Source data
* * * * * * *
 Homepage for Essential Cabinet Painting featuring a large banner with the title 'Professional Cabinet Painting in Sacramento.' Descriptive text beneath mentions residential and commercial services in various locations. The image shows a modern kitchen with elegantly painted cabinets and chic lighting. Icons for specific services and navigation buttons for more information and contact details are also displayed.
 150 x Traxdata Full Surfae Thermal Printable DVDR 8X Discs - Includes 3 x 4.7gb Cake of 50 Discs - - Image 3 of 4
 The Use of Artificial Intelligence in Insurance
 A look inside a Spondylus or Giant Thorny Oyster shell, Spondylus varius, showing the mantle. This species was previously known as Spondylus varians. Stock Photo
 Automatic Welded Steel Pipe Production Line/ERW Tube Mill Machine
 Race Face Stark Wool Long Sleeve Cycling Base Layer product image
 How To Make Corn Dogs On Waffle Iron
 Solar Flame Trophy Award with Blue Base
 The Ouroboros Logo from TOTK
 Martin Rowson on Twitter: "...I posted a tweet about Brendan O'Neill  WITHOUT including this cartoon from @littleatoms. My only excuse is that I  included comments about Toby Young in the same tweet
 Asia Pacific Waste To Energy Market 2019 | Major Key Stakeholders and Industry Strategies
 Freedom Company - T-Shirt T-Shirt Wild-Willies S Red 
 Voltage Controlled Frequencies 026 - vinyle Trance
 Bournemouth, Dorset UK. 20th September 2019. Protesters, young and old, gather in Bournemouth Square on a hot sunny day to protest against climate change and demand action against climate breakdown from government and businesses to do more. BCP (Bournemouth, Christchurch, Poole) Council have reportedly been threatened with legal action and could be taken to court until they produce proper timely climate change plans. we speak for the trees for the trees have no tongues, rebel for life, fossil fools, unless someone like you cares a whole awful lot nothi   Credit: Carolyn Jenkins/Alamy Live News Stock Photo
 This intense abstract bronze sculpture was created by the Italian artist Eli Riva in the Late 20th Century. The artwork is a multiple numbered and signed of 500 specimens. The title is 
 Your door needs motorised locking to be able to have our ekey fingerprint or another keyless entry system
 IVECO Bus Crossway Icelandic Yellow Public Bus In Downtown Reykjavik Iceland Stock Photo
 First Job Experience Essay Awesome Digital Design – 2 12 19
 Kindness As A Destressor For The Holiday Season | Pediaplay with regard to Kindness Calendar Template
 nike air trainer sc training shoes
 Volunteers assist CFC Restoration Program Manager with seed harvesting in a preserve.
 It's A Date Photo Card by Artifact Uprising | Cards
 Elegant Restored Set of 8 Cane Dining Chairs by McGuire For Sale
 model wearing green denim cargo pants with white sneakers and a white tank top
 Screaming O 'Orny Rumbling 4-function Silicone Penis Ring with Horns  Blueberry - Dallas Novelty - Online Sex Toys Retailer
* * * * * * *
● **Problem to work on**
From the line holding "Elegant Restored Set" to the last line of the records, quote each line exactly and add nothing.

● **Result for this exercise**
 Elegant Restored Set of 8 Cane Dining Chairs by McGuire For Sale
 model wearing green denim cargo pants with white sneakers and a white tank top
 Screaming O 'Orny Rumbling 4-function Silicone Penis Ring with Horns  Blueberry - Dallas Novelty - Online Sex Toys Retailer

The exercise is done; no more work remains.